К 9 ч. Середа поехал к мосту с фотографом и прибыл, когда уже тело извлекли из воды. Осмотр местности показал. Мотор шедший со стороны города к Крестовскому острову, сперва шел посередине моста и у пятого устоя взял влево к панели. Здесь виднелись пятна крови, и снег на балюстраде против этого места смешан на протяжении около аршина. Судя по пятнам крови, один человек вынимал труп убитого, прислонил к балюстраде, и затем, взяв за ноги, перекинул через перила, но так неудачно, что труп головой ударился об устои, видны следы крови, ботик тут же застрял, а затем труп упал в воду. На трупе была шуба, надетая в накидку и застегнутая на два крючка. К ногам трупа был привязан груз. Это был мешок из тонкой материи, привязанный к ногам и наполненный тяжестью, но материя в воде размокла, груз прорвался и остался один мешок, который, между прочим, послужил уликой против Юсупова, т. к. материя сходилась с обстановкой его квартиры.

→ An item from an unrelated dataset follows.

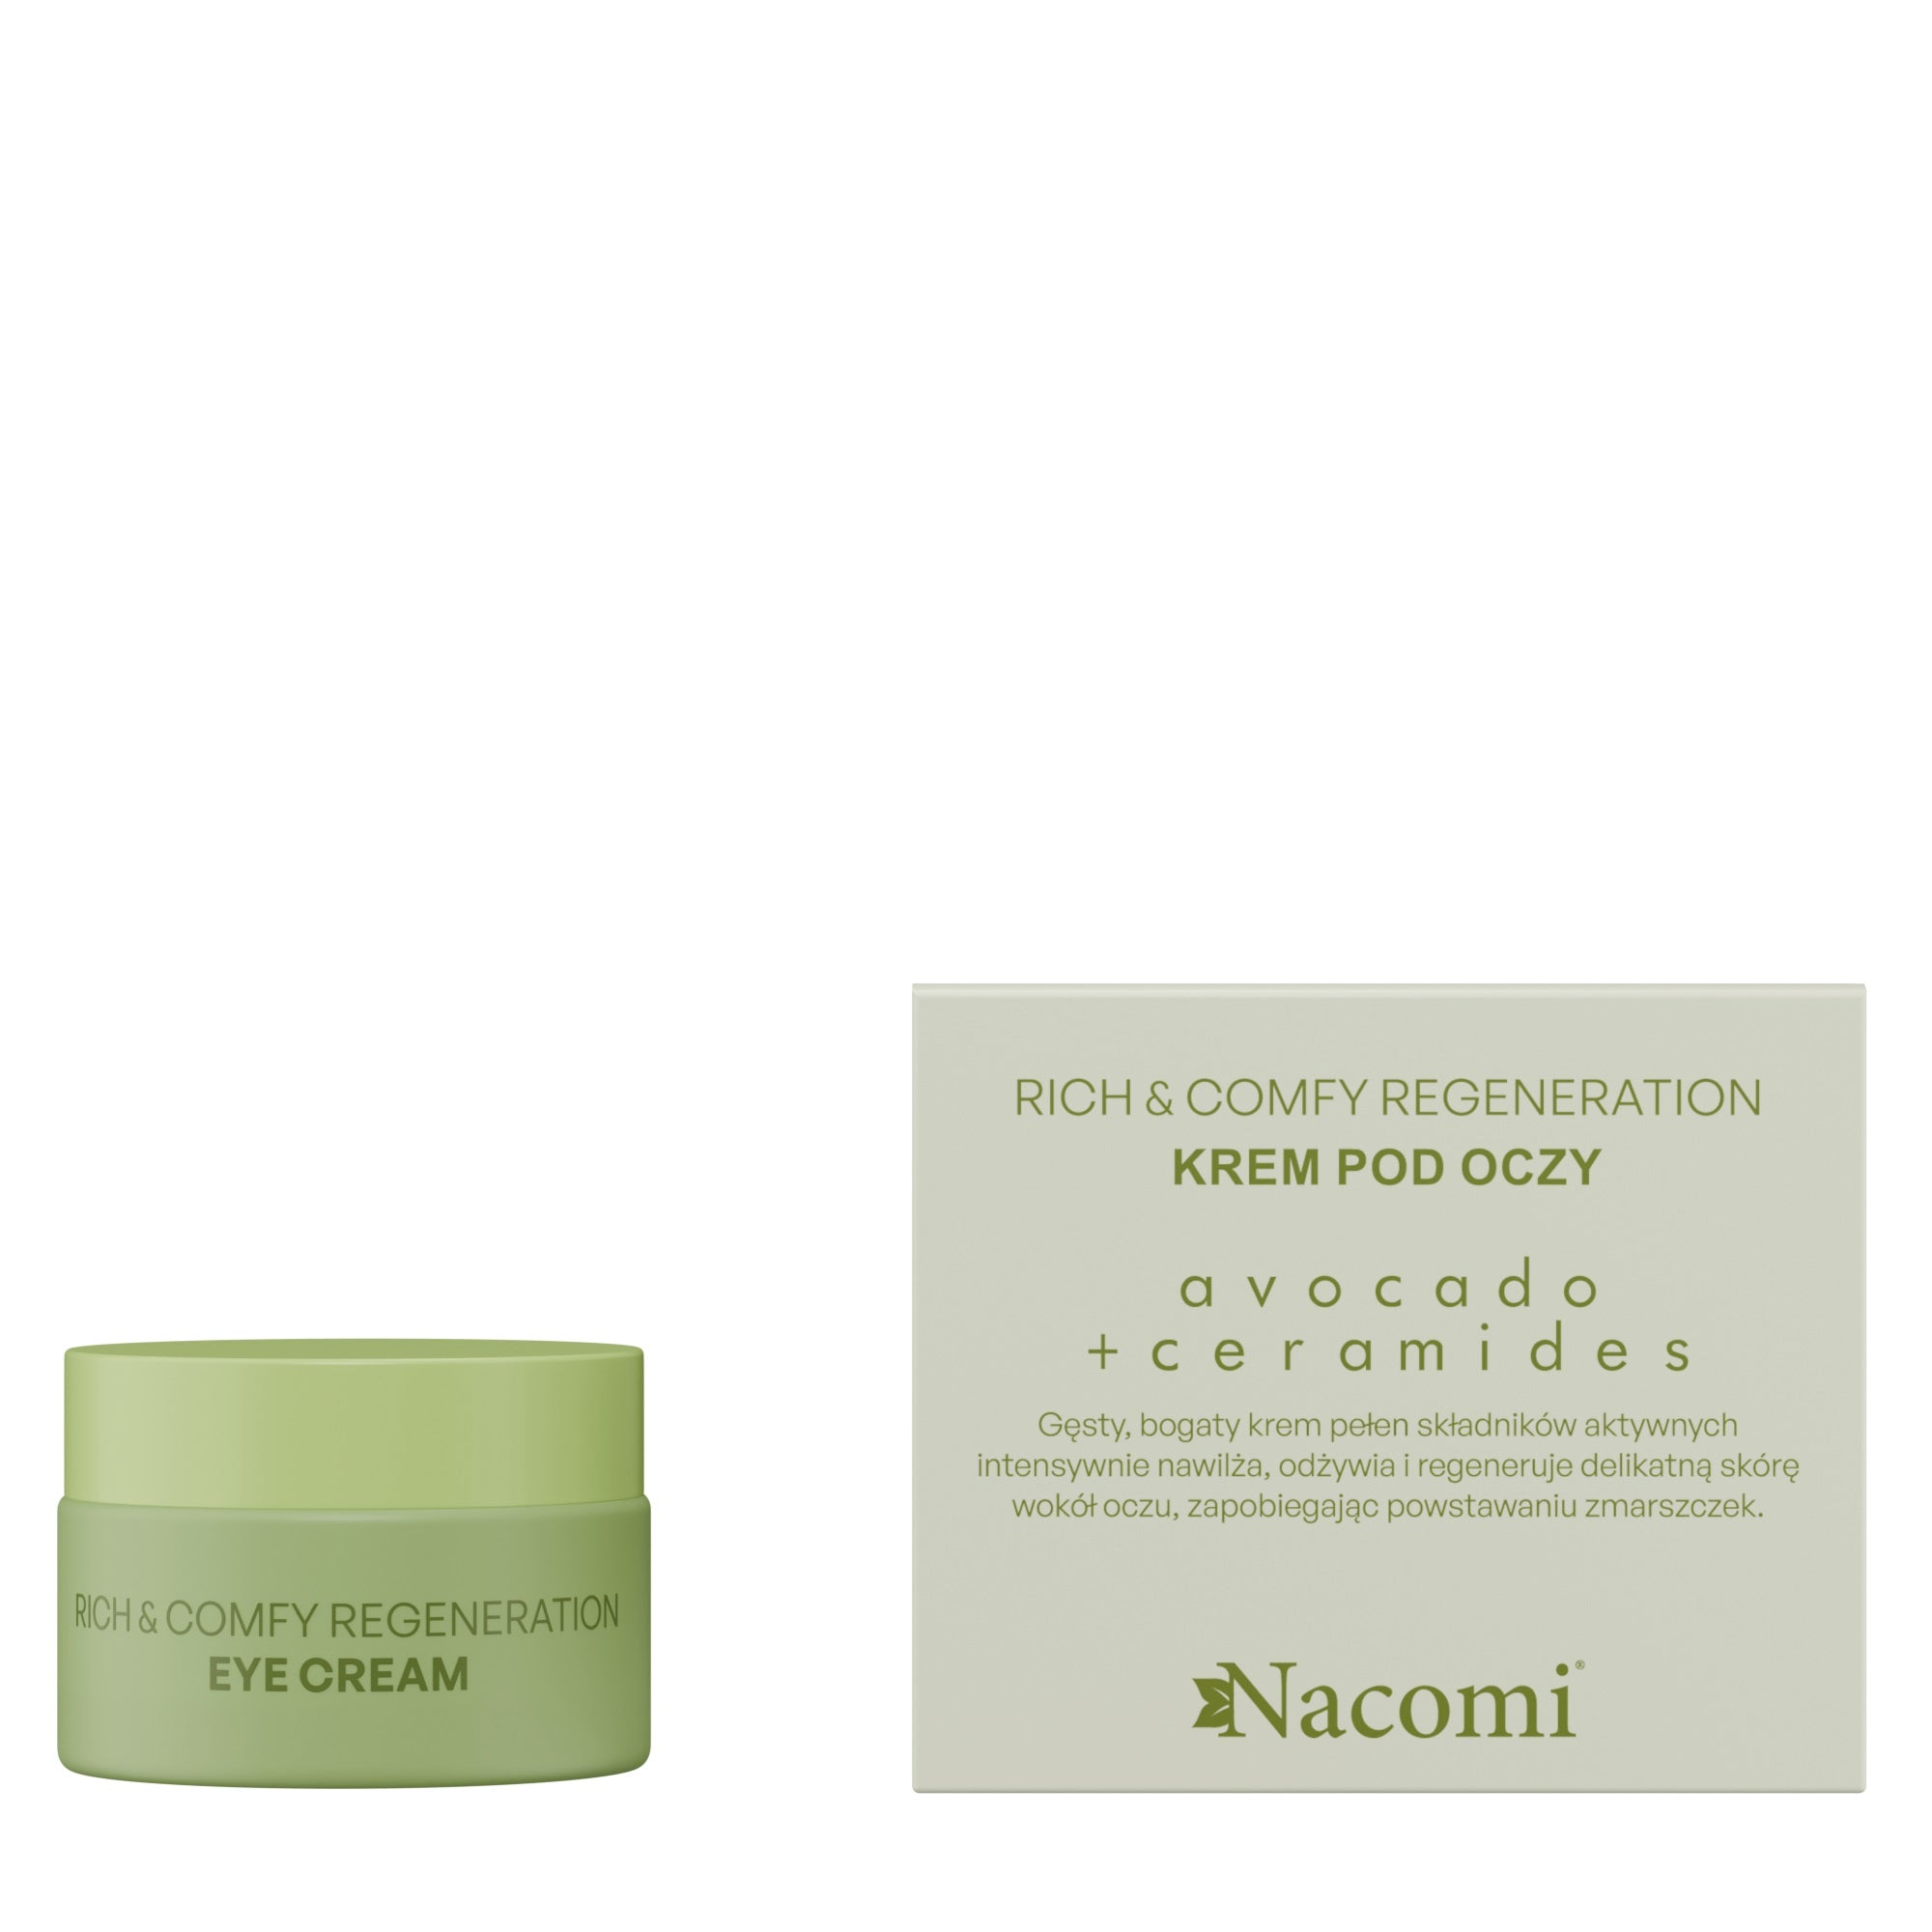 Nacomi  Rich & comfy regeneration AVOCADO + CERAMIDES Eye Cream 15ml

При падении шуба раскрылась и образовала воздушный колокол. Отсутствие груза способствовало тому, что труп не пошел ко дну, а из полыни прошел течением до края, где шуба, как плывшая, примерзла ко льду, а льдинки, набегавшие сверху, прикрыли труп сверху и образовали корку, к которой он и примерз. Когда его вынули, то руки были скрючены, и помощник начальника речной полиции, большой поклонник Распутина, указал Середе, что покойный умирал, сложа руку для крестного знамения, на что Середа ему заметил, судя по левой руке, что вероятно покойник собирался креститься обеими руками. Но т. к. доктора на месте не оказалось, а труп убирать нельзя, то пришлось прождать около 2-х часов до приезда доктора, а за это время труп окончательно замерз, и о вскрытии не могло быть и речи. Тогда хотели везти труп в ближайший госпиталь, но министр внутренних дел Протопопов, боялся рабочей забастовки (?) и велел отвезти труп в Чесменскую богадельню, куда его и отвезли. Для полного оттаивания трупа требуются сутки, поэтому было решено вскрытие назначить наутро 21 декабря, т. к. только к 9 ч. вечера 20 декабря труп может оттаять, но вечером вскрытие не делается даже при искусственном освещении. Для присутствования на вскрытии было приглашено до 14 лиц, в том числе Косоротов.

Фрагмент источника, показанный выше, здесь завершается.